So I felt like it was open season on the story, if he could share it with a room of peers. I used to do it a little bit in a one person show in Austin back when I was first doing comedy. What was interesting about the sex talk story was watching it change over the years from a story where people were kind of laughing at me to feeling with me. I felt that audience shift over 20 years of comedy, of not having to be the butt of a joke, to tell what happened to you, or having to even share all the trauma for it to be valid. 

I just— yeah, I cannot— I’m still very new to the overwhelmingness of this, as you can see!

I was going to say, a lot more people are now going to see this film and know that story because of this nomination.

Yeah, my mom would like me to point out it’s a work of fiction completely. She would like none of this to be true — from start to finish. But she is very proud of the whole story getting to where it is. That she came over this morning to watch the nominations, it’s really special. If my dad were alive, he would be pretty jealous right now.
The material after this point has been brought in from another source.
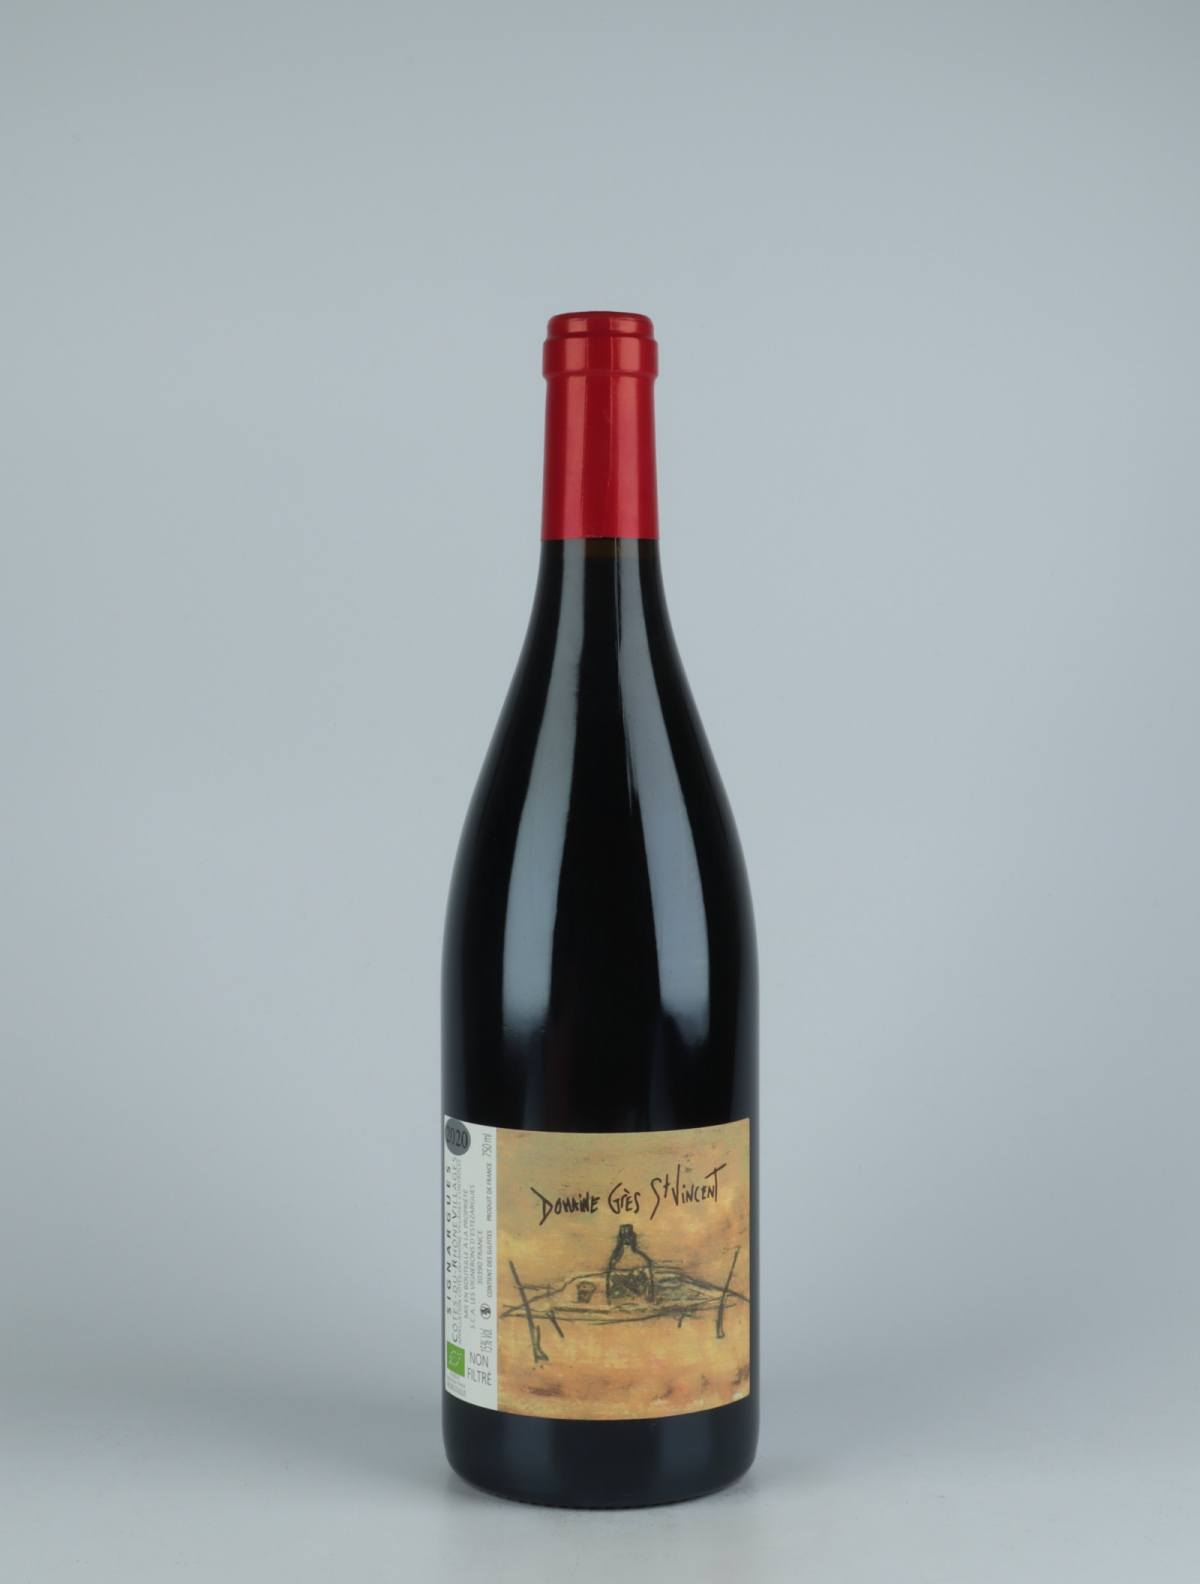 A bottle 2020 Côtes du Rhône - Grès St Vincent Red wine from Les Vignerons d’Estézargues, Rhône in France

And he’d definitely have some notes.

Two of the films that you’ve worked on in feature animation were nominated for an Oscar: “Ralph Breaks the Internet” and “Moana.” Did you did you go to the ceremony for those movies?

No, this will be my first time. The only other time I’ve even come close was getting to see Oprah do the interviews the next day, the first time she was at the Kodak. I don’t even remember who won that year, because I just stared at Oprah the whole time. This is equally exciting! I’m Oprah adjacent again. It’s all I ever do it for.